The price of reform. Campaign-finance reform is one of those things that always sounds good in theory. Media Log is not immune to its charms, and in fact continues to be steamed at House Speaker Tom Finneran for his unrelenting campaign to nullify the state's voter-approved Clean Elections Law.
Even so, it's easy to exaggerate the benefits of reform and to play down the unintended negatives. Two examples from this morning's Globe.

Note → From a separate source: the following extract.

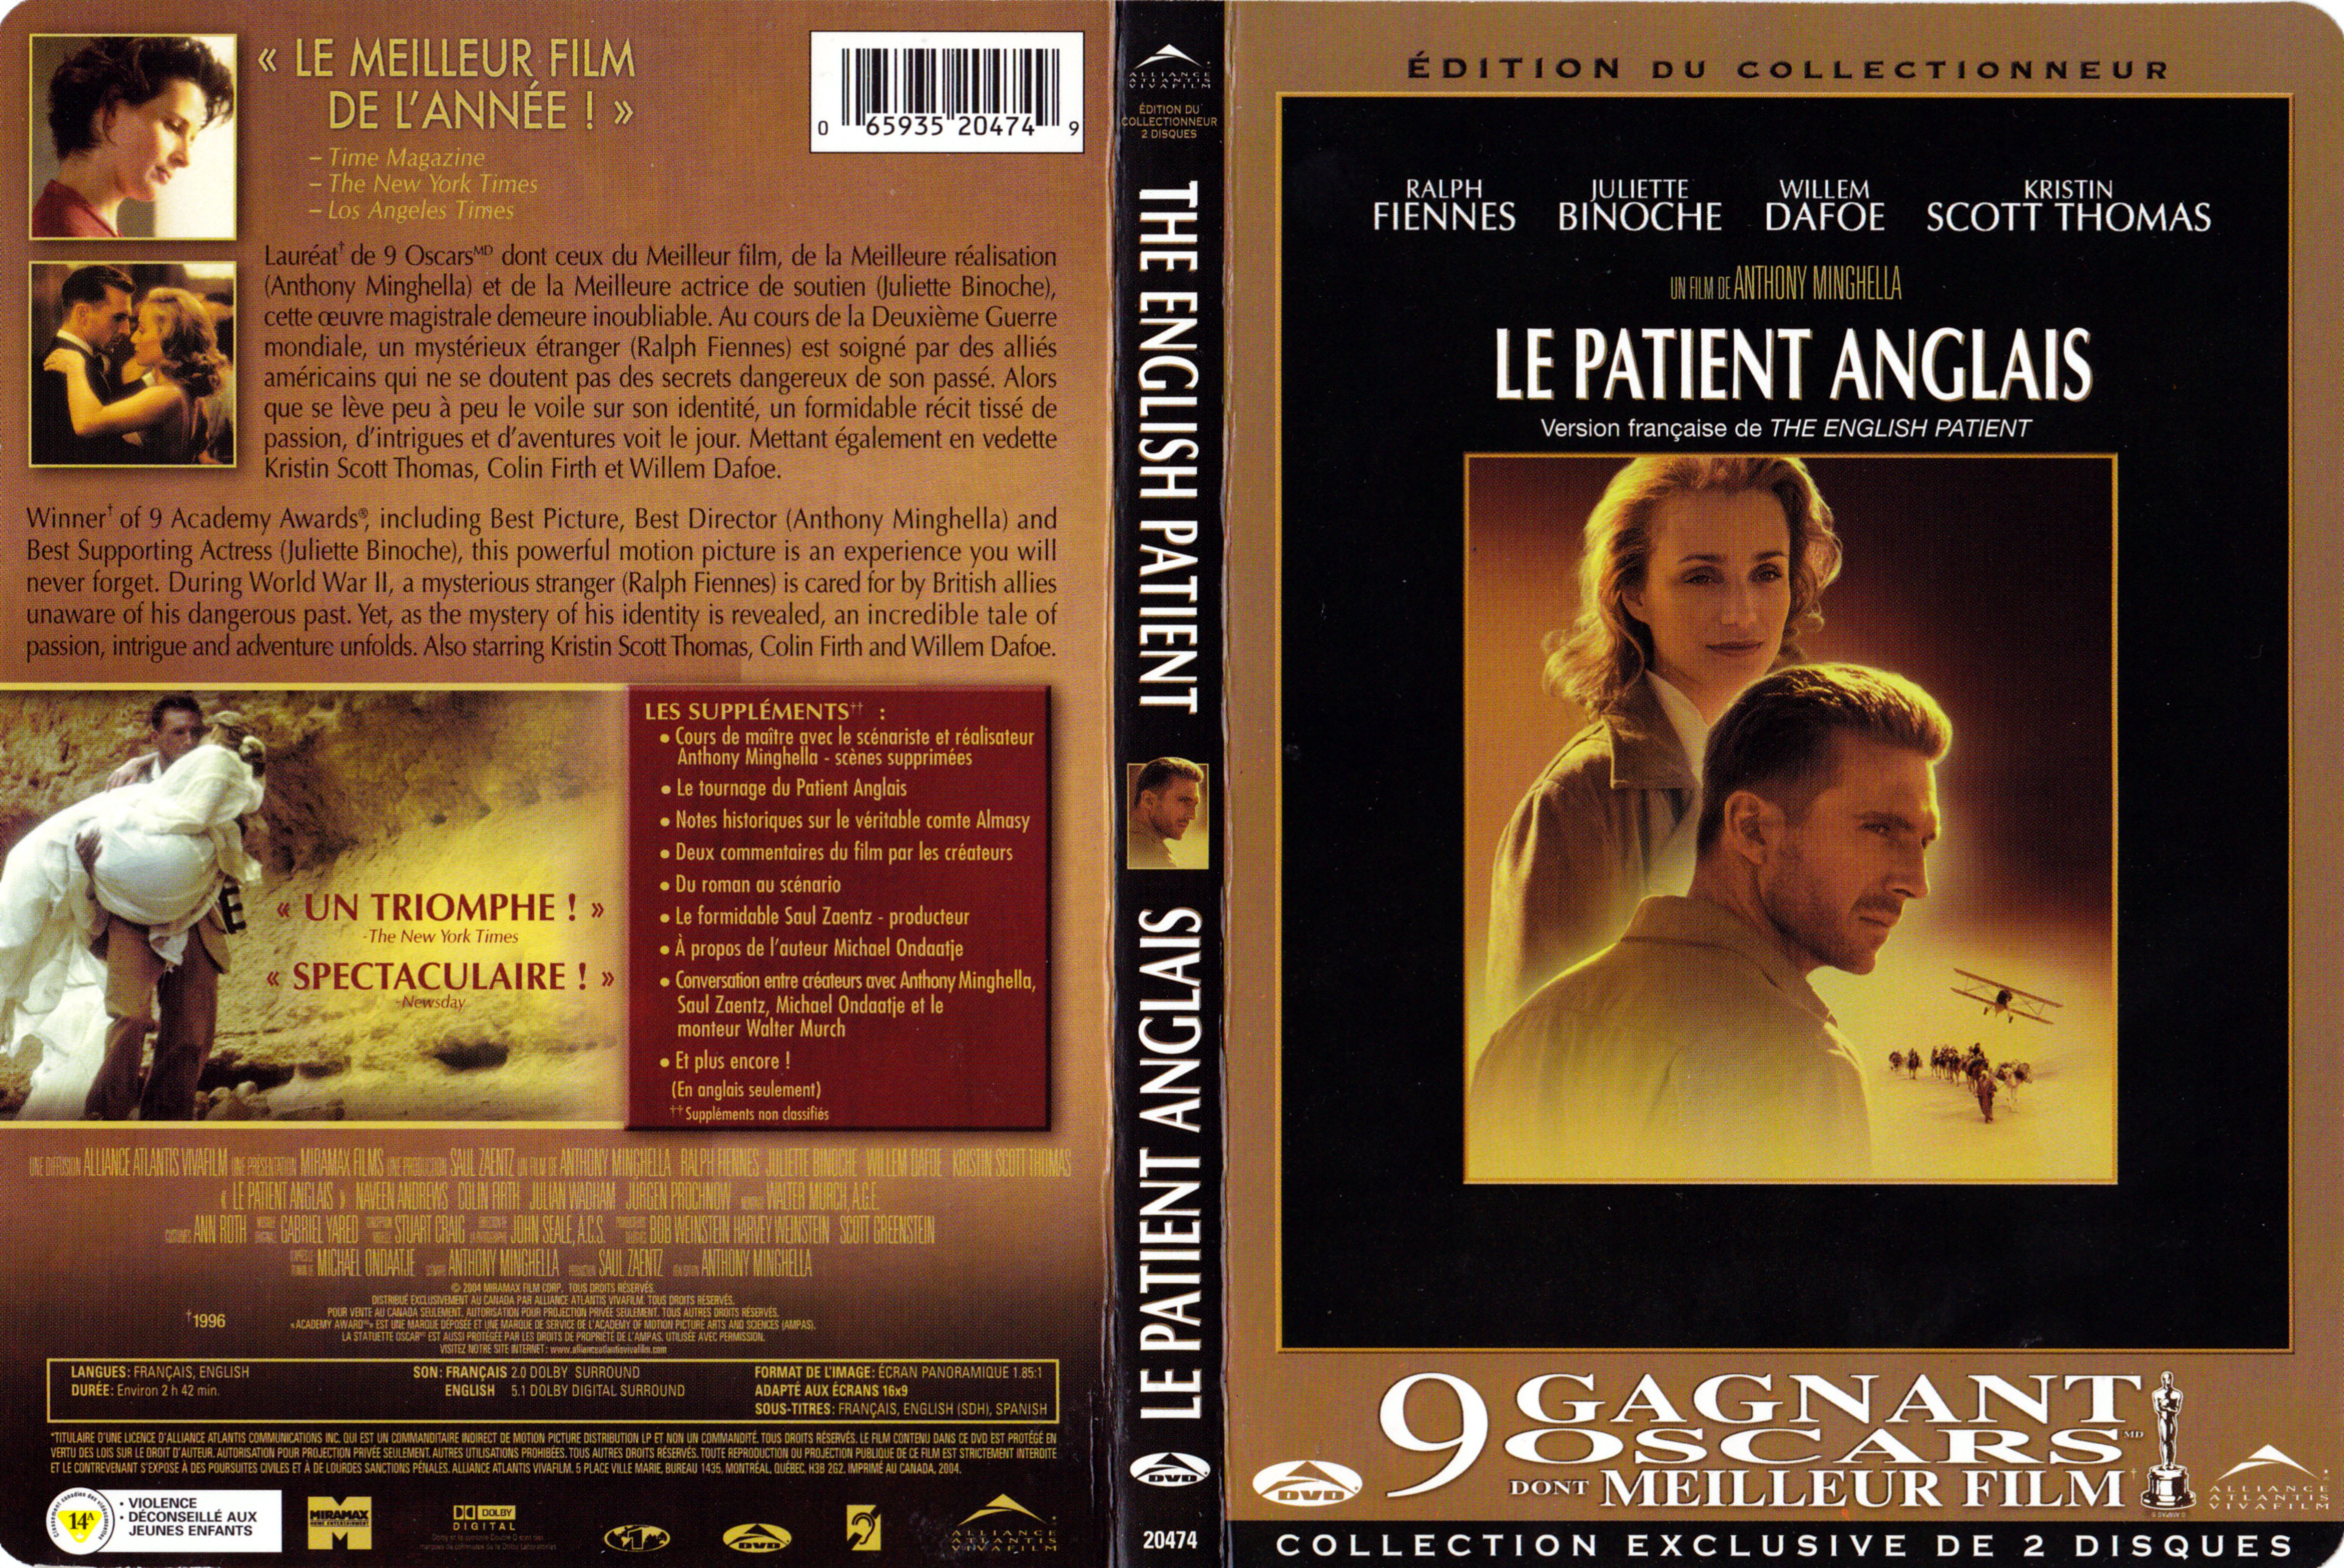 Jaquette DVD Le patient anglais (Canadienne)
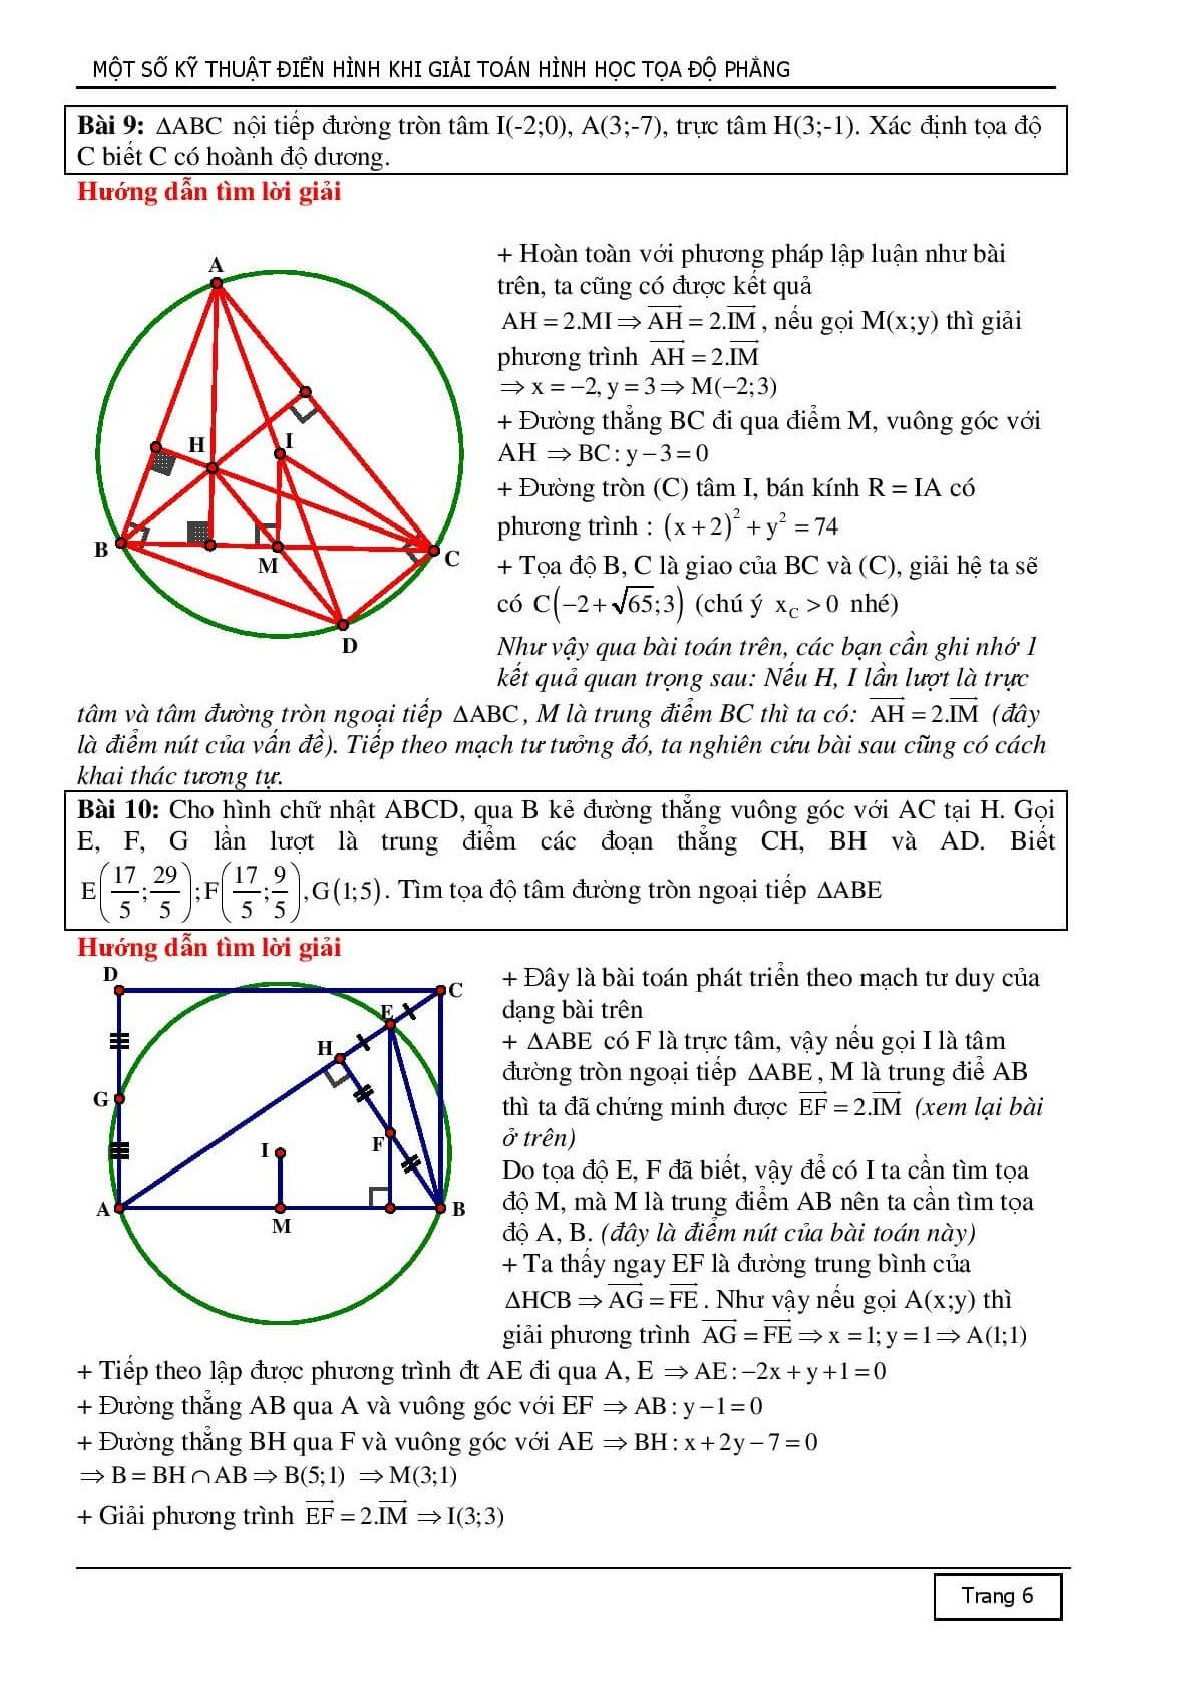 10 kỹ thuật tiếp cận để giải một bài toán hình học Oxy (trang 6)

On page one, Raphael Lewis reports that Governor Mitt Romney has been accepting campaign contributions from executives at corporations that have business pending before the state, including Fidelity (which would love to keep that mid-'90s tax break), the law firm of Mintz Levin, and EMC Corporation. (To be fair, it sounds like EMC's state ties are pretty tenuous, although founder Richard Egan is involved in the Pioneer Institute, a Romney-friendly think tank.)
That news is broken up by this howler:
Romney ... has pledged to accept no political action committee money, said spokesman Eric Fehrnstrom.
Now, I'm prepared to believe that Romney isn't going to let his decision-making be influenced by campaign donations. I really am. But as Lewis's story shows, political-action-committee money has been fetishized by reform advocates as pernicious in ways that ordinary contributions are not. Yet how does Romney expect to impress anyone with his no-PAC-money stance when he's taking money that is every bit as tied to special interests?
There's nothing unique in what Romney is doing. The PAC-money-bad/special-interest-donations-okay hypocrisy has become standard for any politician looking to boost his campaign account while making googly eyes at reformers. Still, no one should be impressed.
The second story, which appears on page three, concerns those boneheaded attack ads aimed at moderate Republicans such as Maine senator Olympia Snowe and Ohio senator George Voinovich, who have been singled out for insufficient loyalty to George W. Bush's radical tax-cutting agenda.
Bush's chief campaign strategist, Karl Rove, is quoted as calling the ads "stupid and counterproductive and not helpful," which they surely are. But illegal? Could be, given a prohibition on certain types of advocacy-group ads that mention elected officials or political candidates by name.
The ads are sponsored by the Republican-libertarian Club for Growth. The club's president, Stephen Moore, tells Globe reporter Nicolas Thompson that complaints that his group's ads are illegal "are pretty frightening from a free-speech perspective."
Thus does Moore show a far better grasp of the First Amendment than he has of politics.